5.3.1 Reliability of Composites
Composite measurements try to average across multiple sub-measurements (i.e., items, trials, ratings) to obtain a more precise score. Let \(\mathsf{\tilde{x}}_q\) denote the outcome of sub-measurement \(q\) such that,
\[ \mathsf{\tilde{x}}_q= \mathsf{x}_q + \mathsf{e}^\mathsf{x}_q \tag{5.5}\]
Where \(q=1{...}\kappa\) indexes the sub-measurement, \(\mathsf{x}_q\) denotes the true score and \(\mathsf{e}^\mathsf{x}_q\) denotes the error of the \(q\)th sub-measurement. Each of the three components in Equation 5.5 are defined similarly to Equation 5.3 with the exception that the true score (the expected value) is allowed to vary between sub-measurements. A composite score reduces measurement error by combining multiple sub-measurements together. Therefore, measurement \(\mathsf{m}\) of some individual \(\psi\in\Psi\) is a weighted average of sub-measurement outcomes,
\[ \widetilde{X}_\mathsf{m} = \frac{\sum^q_{1...\kappa}\mathsf{w}_q\mathsf{\tilde{x}}_q}{\sum^q_{1...\kappa}\mathsf{w}_q} \tag{5.6}\]
Clearly, if the weights are uniform \(\mathsf{w}_1=\mathsf{w}_2=...=\mathsf{w}_\kappa\), then the composite becomes an unit-weighted average. Note that the weighted average of true sub-scores \(\mathsf{x}_q\) is equal to the true score \(X\).
The estimating the reliability of the composite \(\widetilde{X}\) is the primary purpose of this section. Before we can do that, we have to acknowledge that certain reliability coefficients, assumptions must be made that are analogous to the four assumptions about strictly parallel measurements. Depending on the reliability coefficient, not all of four of the assumptions of strictly parallel sub-measurements have to be met. Instead, we can talk about three conditions that hold different assumptions (Haertel 2006, 71):
Tau-equivalence: this is the strongest of the three conditions where true scores are fixed across sub-measurements \(\mathsf{x}_{1} = \mathsf{x}_{2} = \dots\) as well as true variances are equivalent \(\sigma^2_\mathsf{x_1} = \sigma^2_\mathsf{x_2} = \dots\). However, the variance of observed scores are allowed to vary between sub-measurements, in other words, the errors .

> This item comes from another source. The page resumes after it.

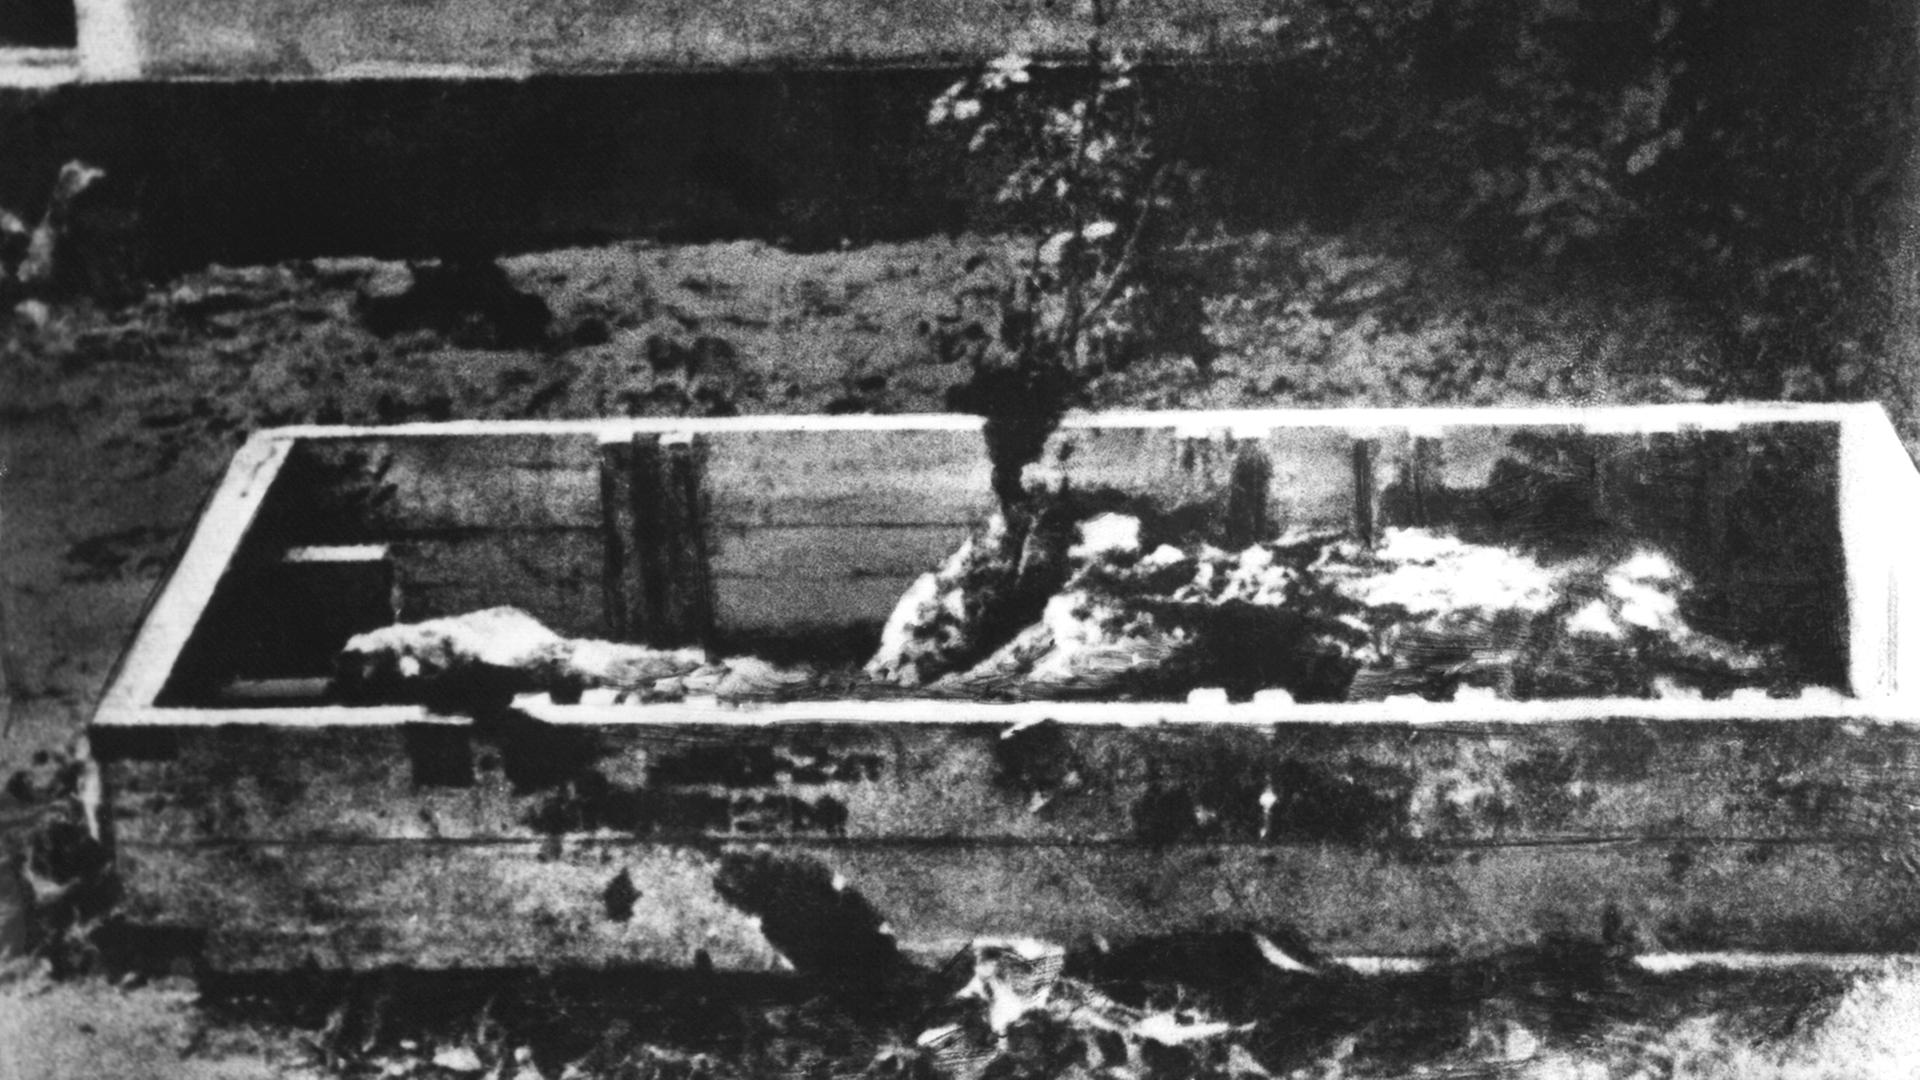 Das Bild zeigt die angebliche verkohlte Leiche Adolf Hitlers. Nach dem gemeinsamen Selbstmord am 30. April 1945 von Adolf Hitler und seiner Ehefrau Eva Braun (Heirat am 29. April 1945) wurden beide Leichen nach der Aussage von Kempka, dem langjährigen Fahrer von Hitler, durch diesen im Garten der Reichskanzlei nach Übergießen mit Benzin verbrannt.

Essential Tau-equivalence: this condition is looser than tau-equivalence as it allows the true score to vary between sub-measurements. Each sub-measurement is related to each other by an additive constant such that, \(\mathsf{x}_{1} = \mathsf{x}_{2} + \mathsf{c}_{12}\) (note that this constant is the same for all individuals). The true variances still must be equivalent \(\sigma^2_\mathsf{x_1} = \sigma^2_\mathsf{x_2}\). However, the variance of observed scores are still allowed to vary between sub-measurements.
Congeneric Measurements: this is the loosest of the three conditions. Congeneric measurements do not require that true variances are equal between sub-measurements are equal because now it relates the true scores between measurements as a linear function, \(\mathsf{x}_{1} = \mathsf{b}_{12}\mathsf{x}_{2} + \mathsf{c}_{12}\). This allows the mean and variance of the true scores to differ across sub-measurements.
Coefficient Alpha
The most common reliability coefficient in psychological and social sciences is Coefficient alpha (also referred to as Cronbach’s Alpha, Cronbach 1951). Coefficient alpha assumes the sub-measurements meet the conditions described by essential tau-equivalence. If the sub-measurements are not essentially tau-equivalent than Coefficient alpha is a lower bound (something to keep in mind when we are correcting effect sizes). The equation for the unstandardized version of Coefficient alpha is,
\[ \rho_{\widetilde{X}\widetilde{X}'} = \frac{\kappa \,\bar{\sigma}_{\mathsf{\tilde{x}}_q\mathsf{\tilde{x}}_j}} {\bar{\sigma}^2_{\mathsf{\tilde{x}}_q}+ (\kappa-1)\bar{\sigma}_{\mathsf{\tilde{x}}_q\mathsf{\tilde{x}}_j}}\, , \;\;\;\;q\neq j. \tag{5.7}\]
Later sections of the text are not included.